Jacqui this looks amazing! I love how simple this looks but with all that flavour packed in. It looks so comforting and decadent!
Grazie dear Amanda! I’m so happy you like this recipe! I love using truffles with simple recipes so that their flavour reigns supreme!
I am moving in to your house! What a delicious meal! Well done with the truffles!
Haha, always room for one more at our table Kathryn!
I think I died and went to foodie heaven just reading this post! I’ve never had truffles like this before, but now I’m on a mission to find some! This dish is wonderful. Thanks for sharing!
I really hope you find some fresh truffles Krista! They really are heavenly, especially with pasta!
Truffles and pasta are the best combo! Love this recipe and can’t wait to make it!
Yes, pasta with truffles is absolutely wonderful Lesli! I’m sure you’ll love this dish if you make it!
I never knew that truffles are considered one of the most prized foods of foraged foods in Italy, and called the diamonds of the kitchen! I have never tasted them before, but they look absolutely divine.
Truffles are really wonderful Jeanette and considered a delicacy by many! But, some people don’t like them. I hope you’ll try them one day and like them as much as we do!
Drooling. Looks fantastic. I just can’t wait to try this for my family. YUMMY!
Thanks so much Sri! I’m sure your family will love this dish!
WOW that’s absolutely amazing that your husband came home with a bag of 20 truffles! I cannot even begin to think how much that would cost in Philadelphia! I had truffle pasta in Croatia and it was amazing so I’m sure this recipe is too!
I know, Vicky, so amazing! I gave some away and put some in the freezer, but first I made a couple of to-die-for delicious pasta dishes like this one! I’ve had truffles in Croatia too. There’s an area in Istria which is famous for truffles!
Taleggio is one of my favorites! This dish looks delicious!
Thank you! Taleggio is a delicious cheese Ellen! We use it a lot in cooking as it melts so well but it’s yummy on bread or crackers too!

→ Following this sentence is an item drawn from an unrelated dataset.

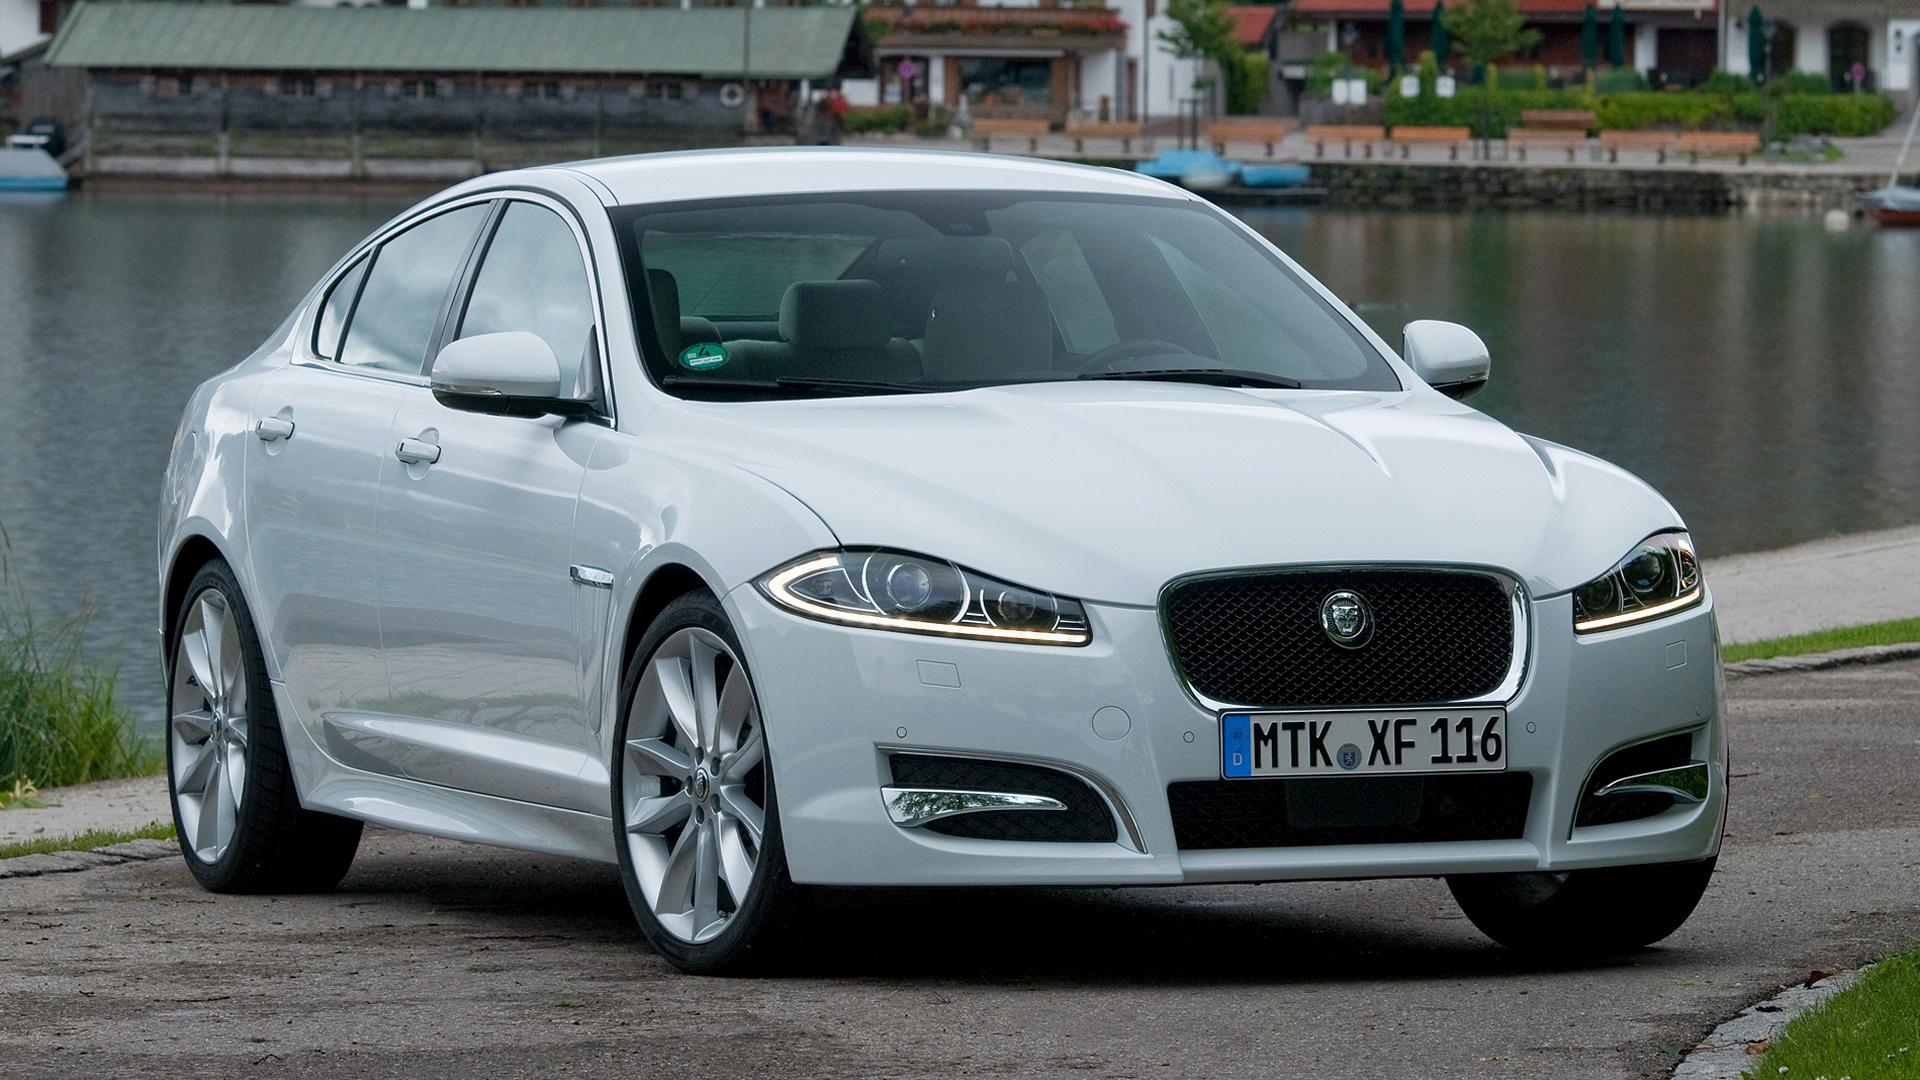 Jaguar Xf Aerodynamic Pack 2011 Wallpapers And Hd Images Car Pixel

This is a great comfort food recipe! Also love the information about truffles. Thanks for sharing!
Thanks so much Annissa! Happy you like the info about truffles! Yes this is real comfort food at its luxurious best!
That looks so delicious! I have always wanted to try truffles! In the US, that jar of truffles is worth hundreds, I think! I must come and visit you!

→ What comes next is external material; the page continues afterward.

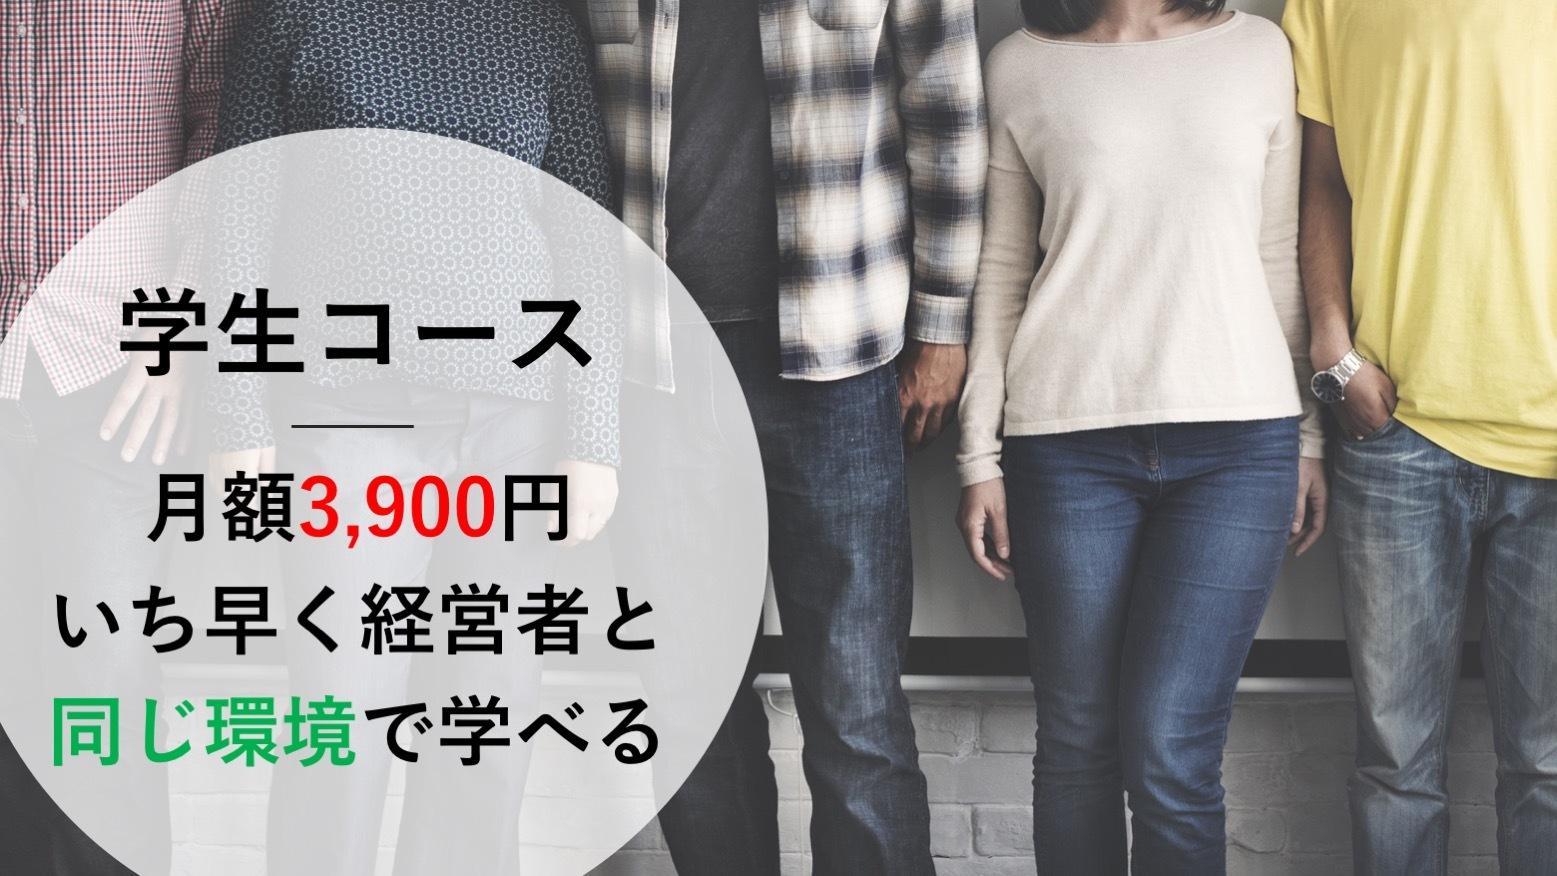 【学生コース】ビジネスサークル会費
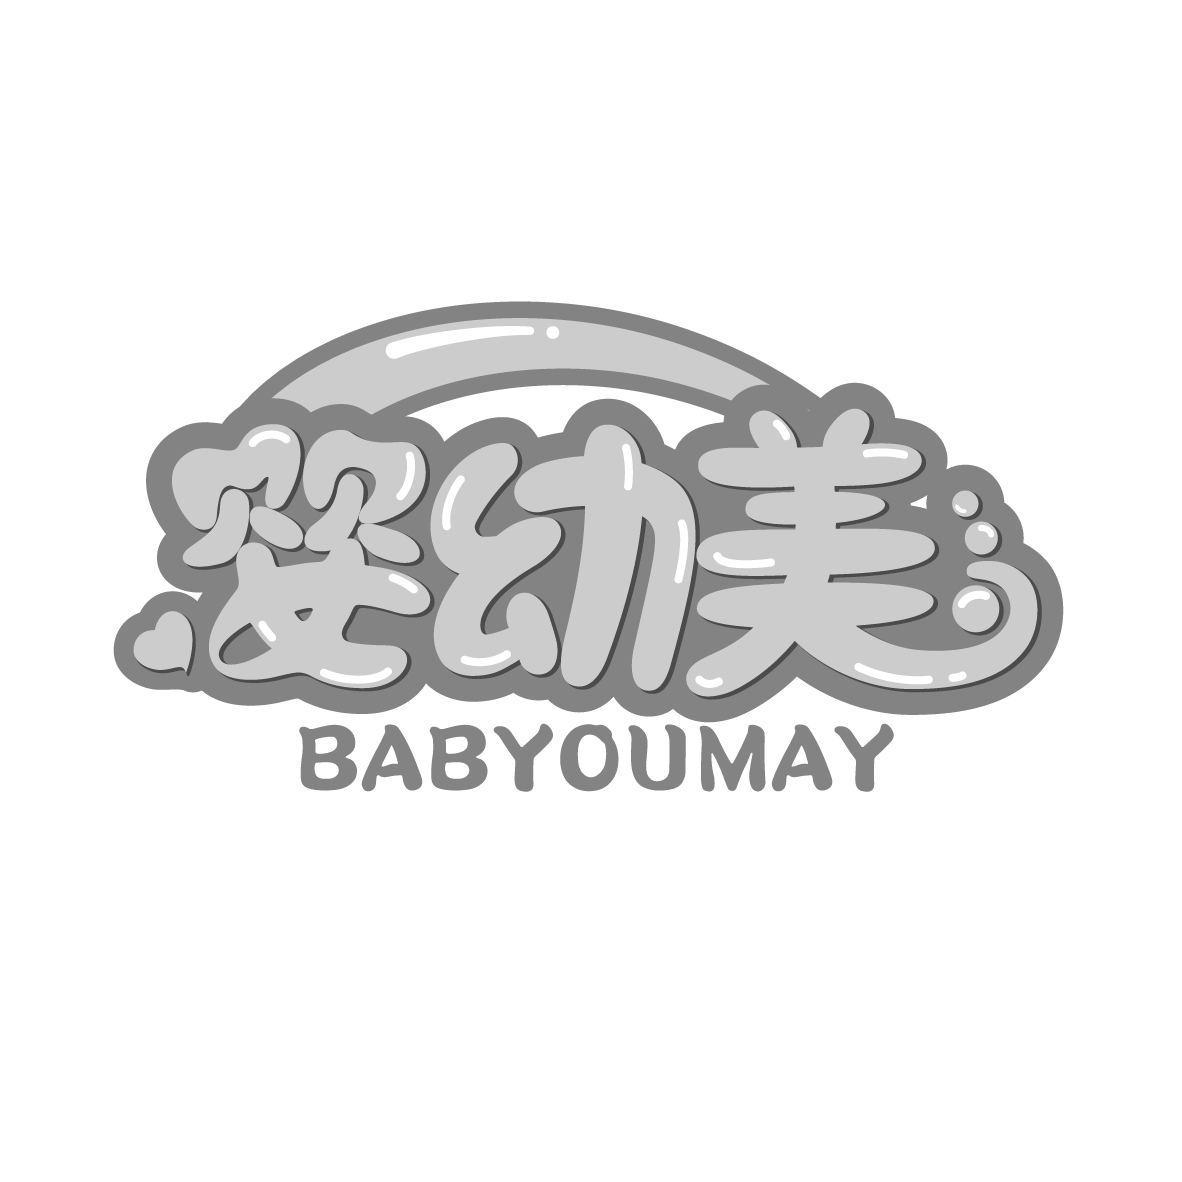 婴幼美 BABYOUMAY

Grazie dear Beth! In a way it’s a pity that truffles are so pricey, especially outside of Italy and other countries where they grow! Yes come and visit during truffle season and I’ll treat you to some!
I LOVE, LOOOOVE Truffles, but never had them fresh!!! This looks so delicious!
Thanks so much Tina! Fresh truffles really are superlicious! I hope you’ll get to try them one day! Come to Italy during truffle season!
Wow! I’ve never cooked with black truffles, definitely time to give it a go!
Adding fresh truffles to a dish really raises it to a whole new level of deliciousness Cliona! Here in Italy we don’t just eat them on pasta but also in risotto, on eggs (my favourite!) in soup and on meat.
This sounds delicious and must be such a treat with those gorgeous black truffles in. I’ve never had truffles like this before so would love someone to make this for me!
Thank you dear Corina! Come to Italy during truffle season and I’ll make this dish for you!
I’ve never heard of truffles before but they seem like a fascinating ingredient!
Many people say that truffles are a required taste Maria and not everyone likes them! But, here in Italy they are really sought after and loved! I hope you’ll get to try them one day!
This is such a gorgeous dish of perfection! Not only are the truffles like a bite of heaven, but the taleggio…OMG…totally drooling over here! Love this! 🙂
Thanks so much Sherri! Yes, this is heaven on a plate! I’m still dreaming about this dish!
I love truffle pasta – it takes me back to my trips to italy. YUM!
Truffle pasta really is one of the most delicious Italian dishes Danielle! Nice that you got to try it here in Italy!
How luscious and creamy! Such comfort food.
Thank you Caroline. This recipe really is comfort food at it’s finest!